(coninued...)

I forgot to mention a thing about interpolating. Yes, this could be a nice idea 
to interpolate (or extrapolate) data, but I think this is a great risk for 
something that may not be very useful for common physics usage. I belive that 
realtime engines generally run at something like 50 or 100Hz (one can of course 
be much slower or much faster), so you may loose much time trying to 
interpolate; and moreover you may introduce inconstistencies (such as objects 
interpenetrating). So I guess simply reading the last matrix is enough.
This is what I do in my engine (not multithreaded yet), and it works without 
lagging. I simply created a main loop that takes care of running physics or 
display when necesssary.

Maybe you have a different point of view on that? I'd be happy to read!

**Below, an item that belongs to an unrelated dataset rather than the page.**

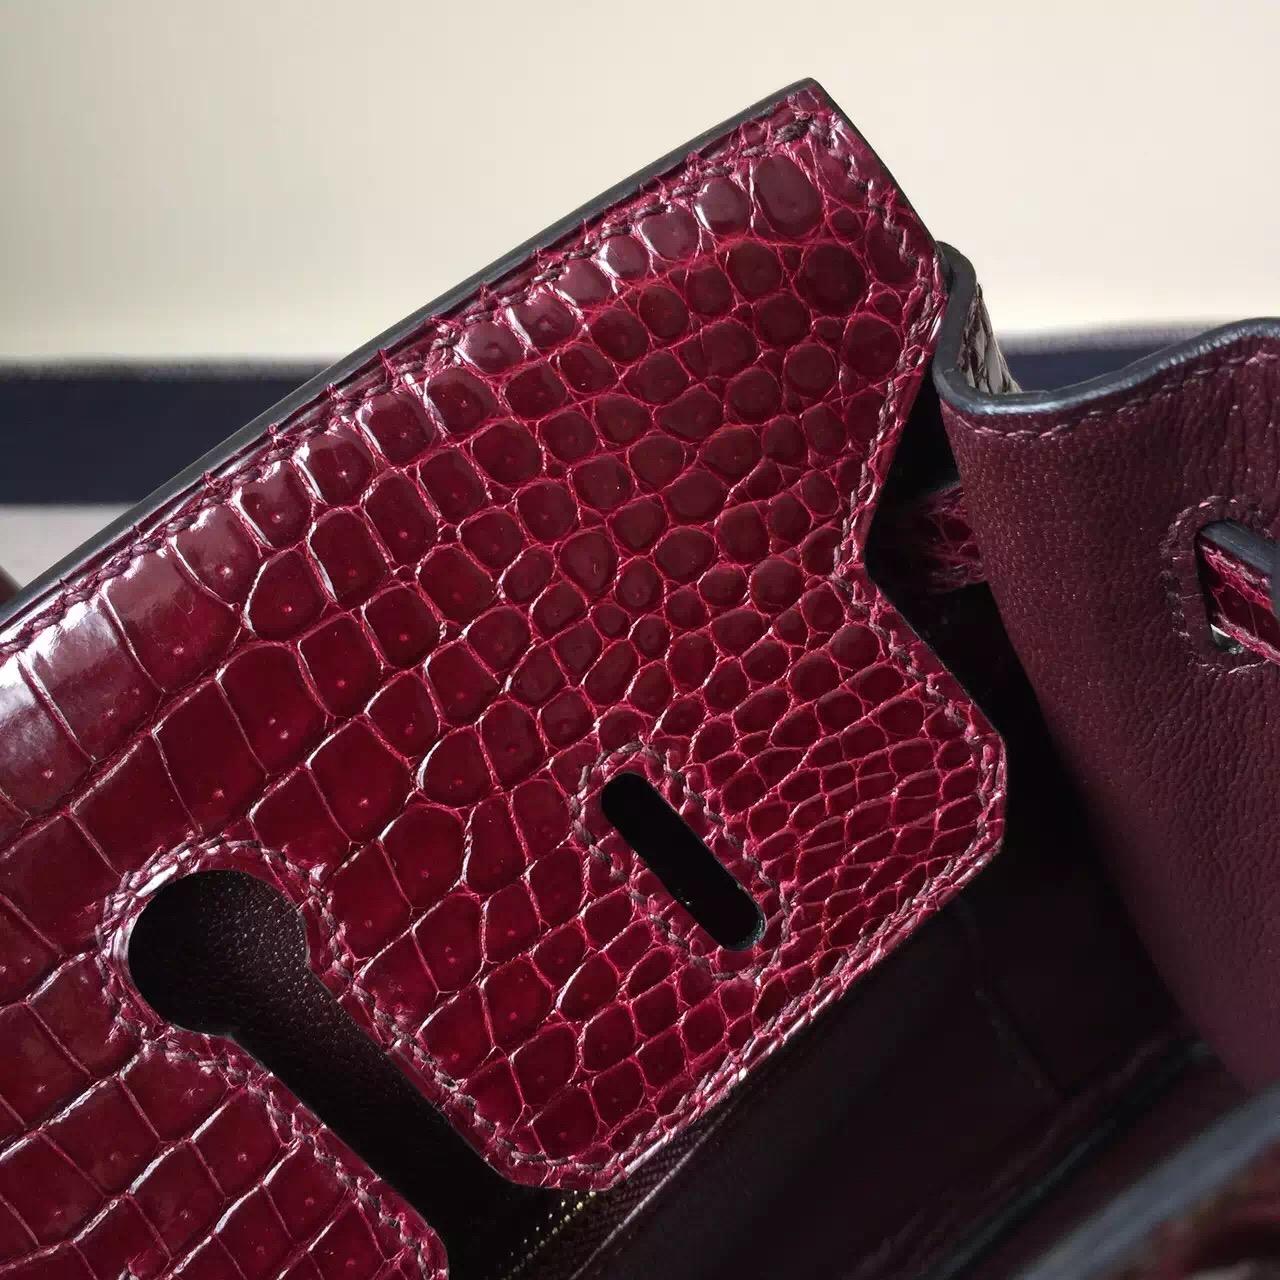 Hermes Crocodile Shiny Leather Birkin25 Bag in CK57 Bordeaux

And what about other types of engines (non realtime)? I suppose interpolating 
could be possible, but I still think we introduce simulation errors.

Sukender
PVLE - Lightweight cross-platform game engine - http://pvle.sourceforge.net/


Le Thu, 15 Jan 2009 11:48:48 +0100, Sukender <suky0...@free.fr> a écrit:

> Hi Robert,
>
> I like your idea. I'm not a threading expert, but won't this cost much? I 
> mean locking/unlocking is quite expensive, as far as I know, and depending on 
> the number of matrices to lock, this could cost much. Anyway much less that 
> waiting for a complete traversal to end, of course! :)
> Maybe our implementation could be a "ThreadSafeMatrixTransform"...
>
> Sukender
> PVLE - Lightweight cross-platform game engine - http://pvle.sourceforge.net/
>
>
> Le Thu, 15 Jan 2009 10:10:05 +0100, Robert Osfield <robert.osfi...@gmail.com> 
> a écrit:
>
>> Hi Sukender,
>>
>>
>> On Wed, Jan 14, 2009 at 8:59 PM, Sukender <suky0...@free.fr> wrote:
>>> Well, multithreading *is* an issue, but we need to address the problem.
>>> I guess the order of steps would be:
>>> - When it is time to update the physics, run the "physics update traversal" 
>>> (say "PUT") in a physics thread
>>> - PUT
>>> - PUT
>>> - ...
>>> - When the times come to update the display, lock the physics thread so 
>>> that no PUT runs
>>> - Run the "display update traversal" ("DUT") in a display thread. During 
>>> this, copy physics positions/orientations to transforms.
>>> - Unlock the physics.
>>> - PUT (physics thread), cull and draw (display thread)
>>> - and so on.
>>>
>>> Am I right? I'm not sure about threads because here the PUT cant run when 
>>> DUT runs, so the interest is limited, even if cull and draw steps would be 
>>> in parallel of a PUT. Maybe there could be improvements. Any idea?
>>
>>
>> I would suggest supporting decoupling of the rendering and physics
>> threads as much as possible, without either one blocking the other.
>> The way I would tackle this would be via thread safe data buffers that
>> can be read by the rendering thread, and written to by the physics
>> thread, this buffer would typically be a matrix (or similar transform
>> representation) with a time stamp, new entries would be push to the
>> end of buffer, and then the rendering thread would pull at the time
>> interval required - perhaps interpolating between two entries or even
>> estimating the position beyond last entry if physics is lagging
>> behind.  This type of buffer need only have one mutex and would only
>> be locked when the physics thread pushes data into it, and when the
>> rendering thread pulls data from it.   This way neither threads should
>> be halted and will run happily decoupled.
>>
>> Robert.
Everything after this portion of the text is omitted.